**Exercise requirements**
Please copy the data below exactly; none of the pictures in it belong in the copy.

**Source data**
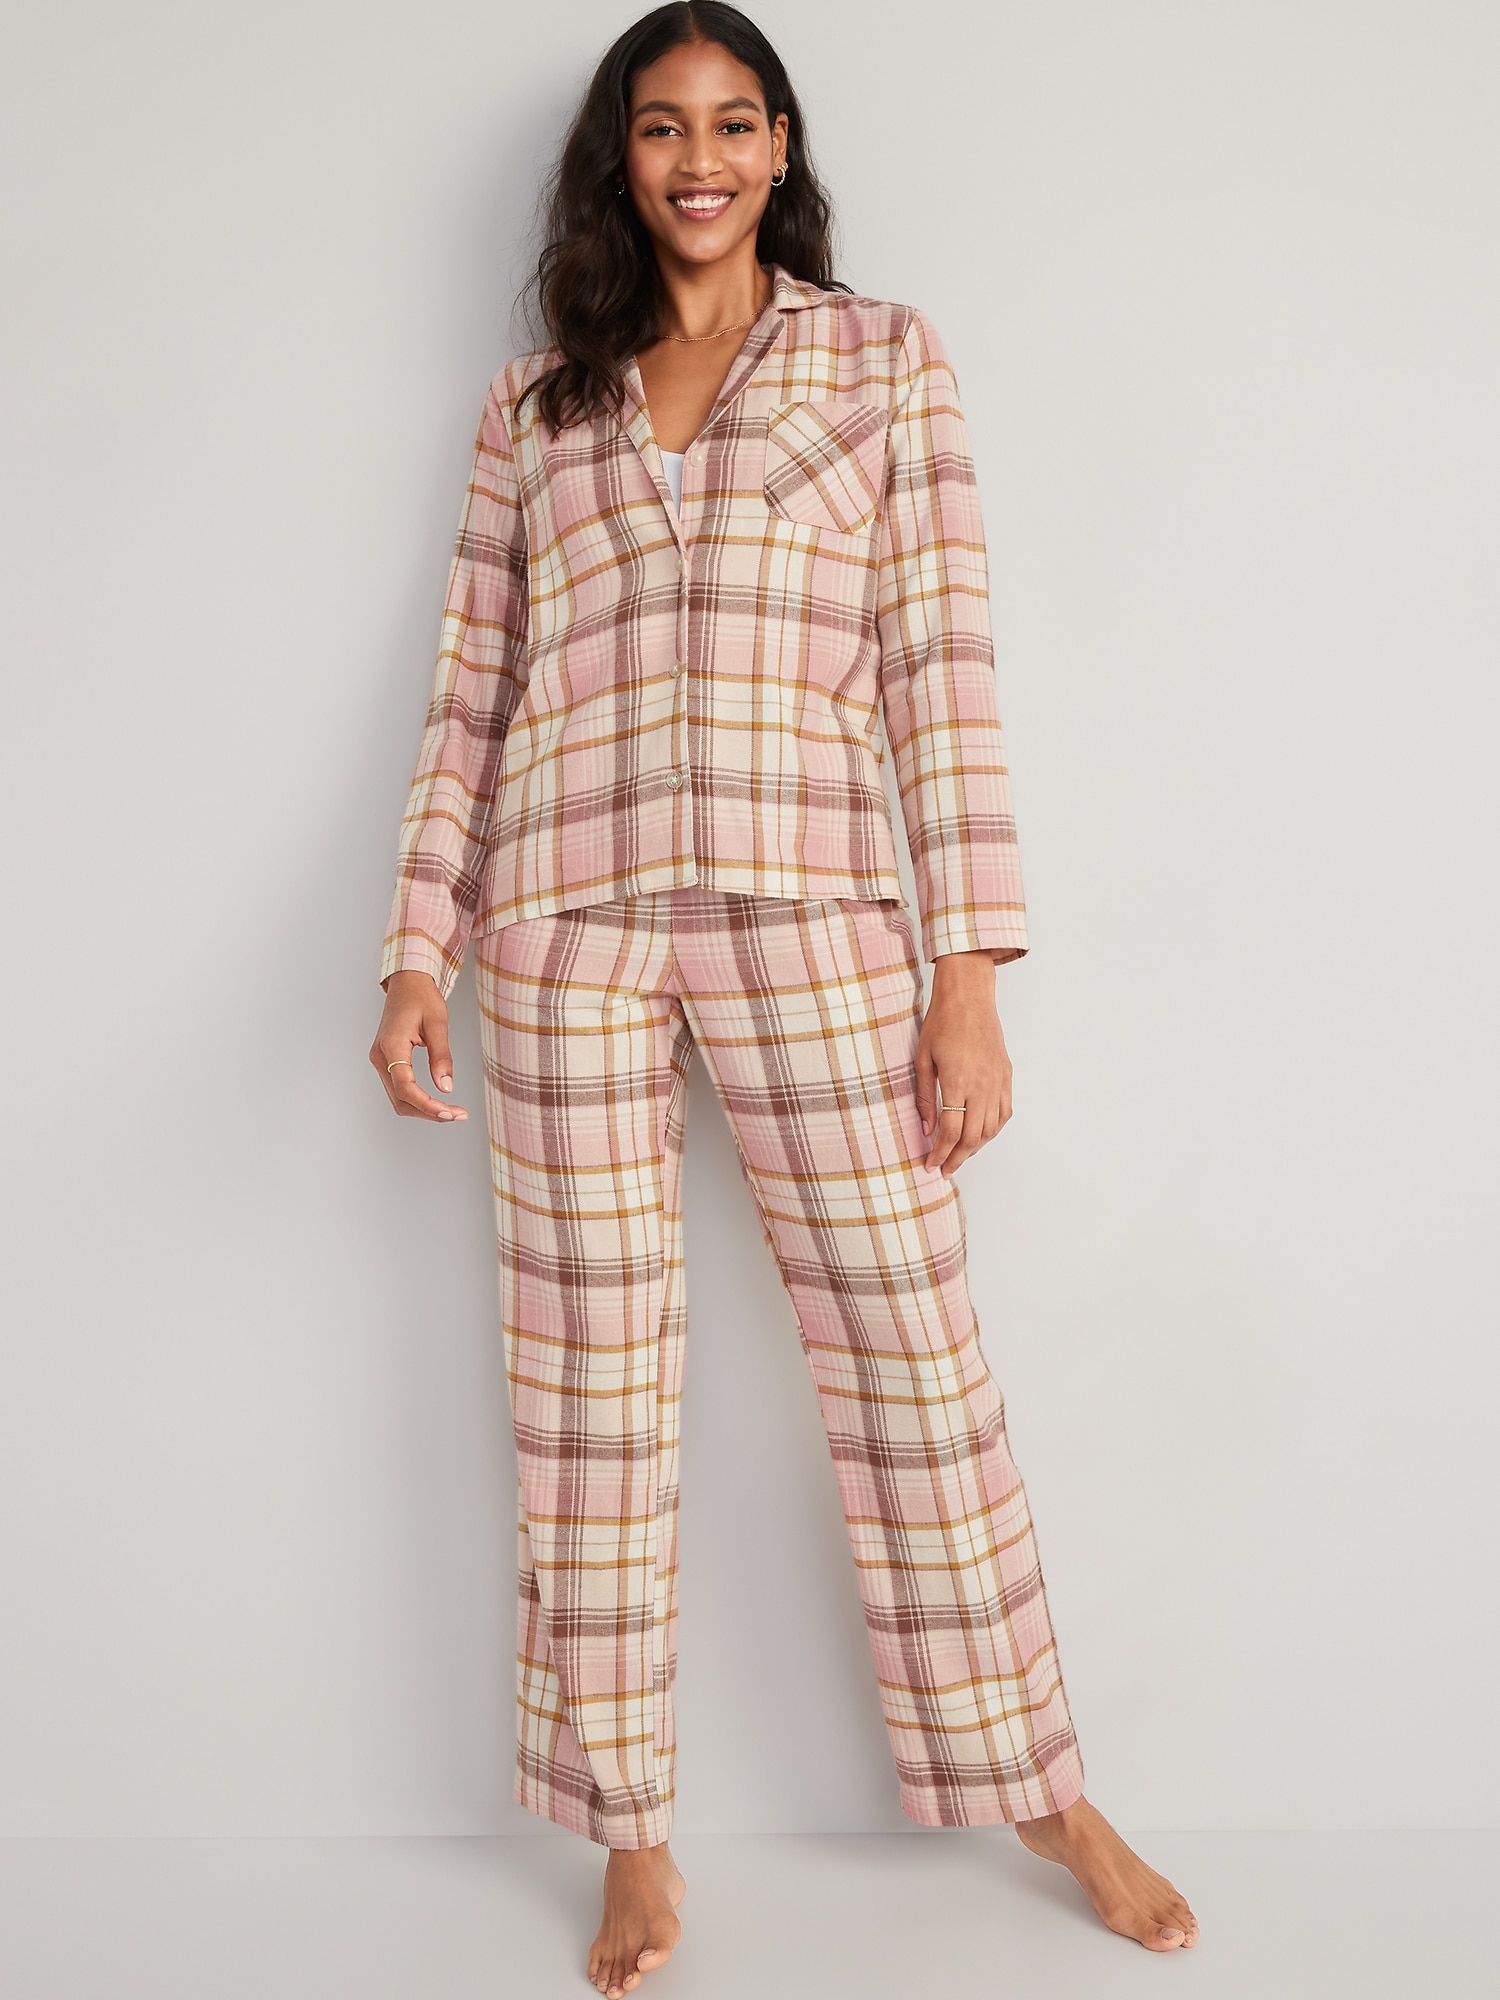 Women's Flannel Pajama Set in Navy Gingham
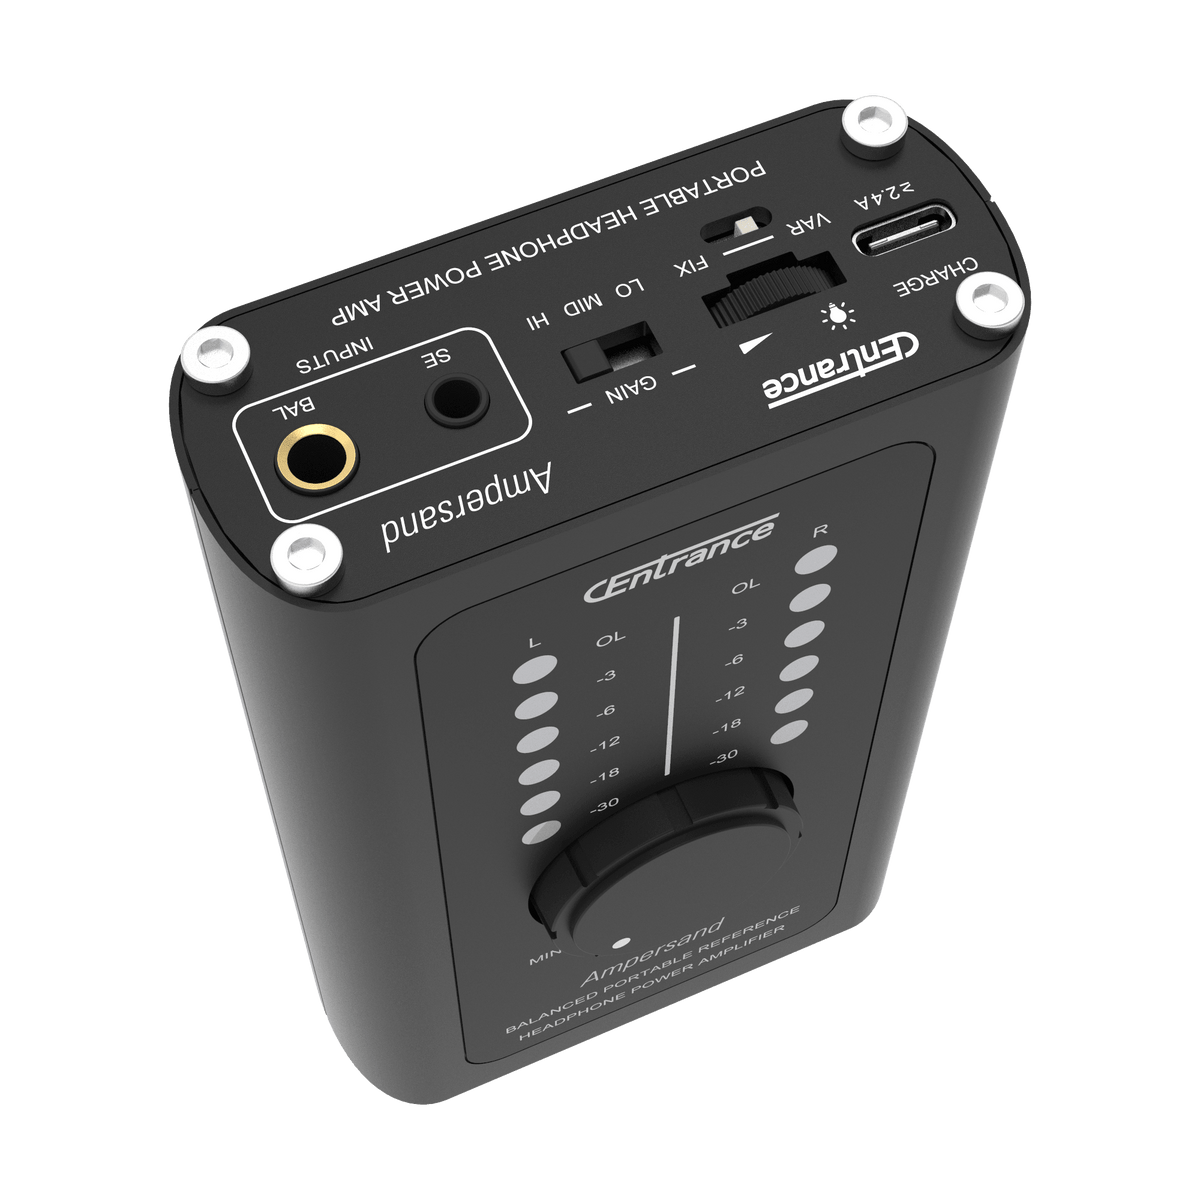 CEntrance Ampersand Portable Headphone Amplifier with 6W of Power - Koala Audio
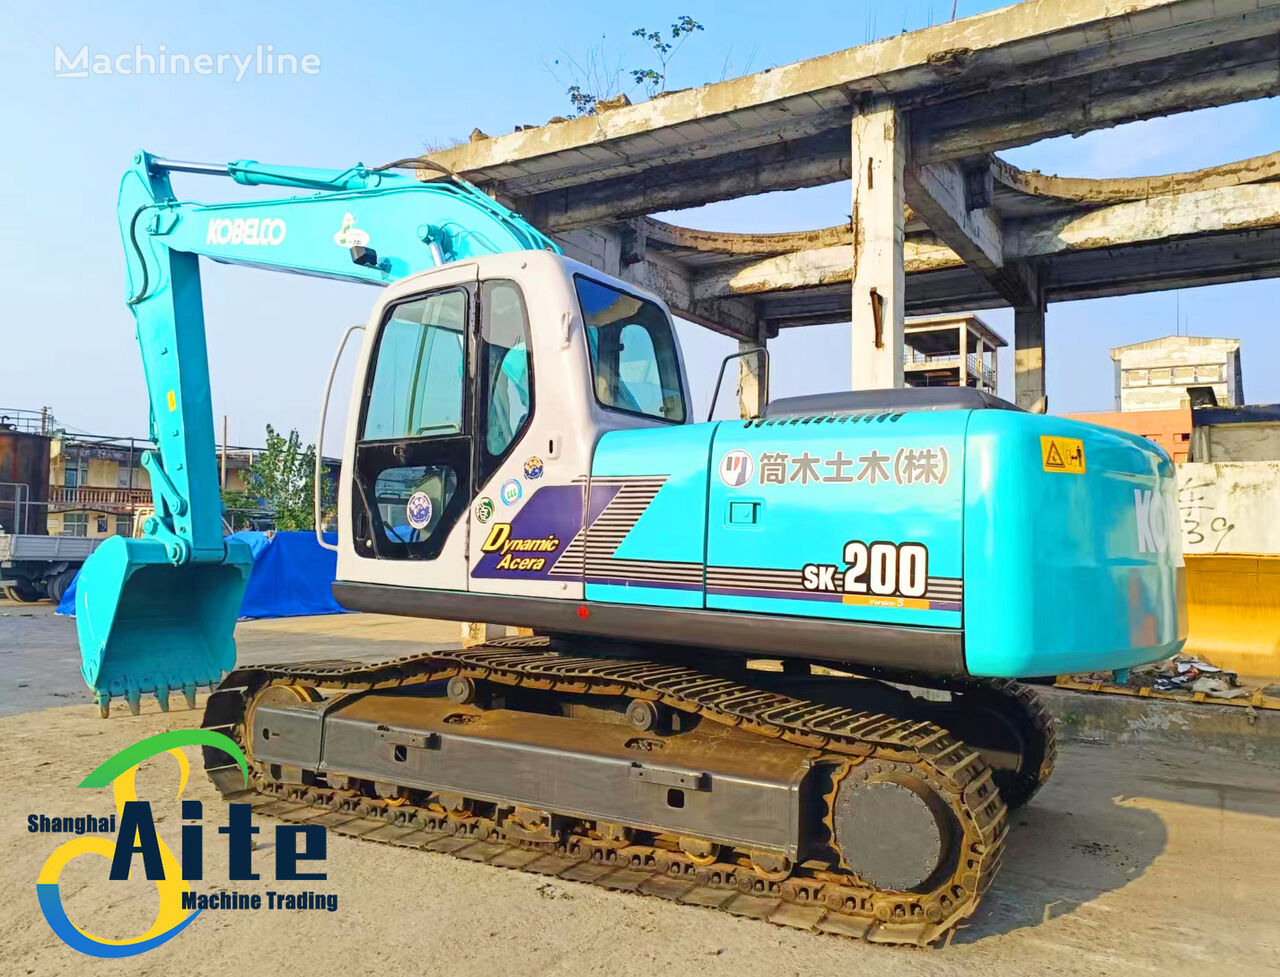 Kobelco SK200 tracked excavator for sale China Shanghai, FD37762

**Written reply**
 Women's Flannel Pajama Set in Navy Gingham
 CEntrance Ampersand Portable Headphone Amplifier with 6W of Power - Koala Audio
 Kobelco SK200 tracked excavator for sale China Shanghai, FD37762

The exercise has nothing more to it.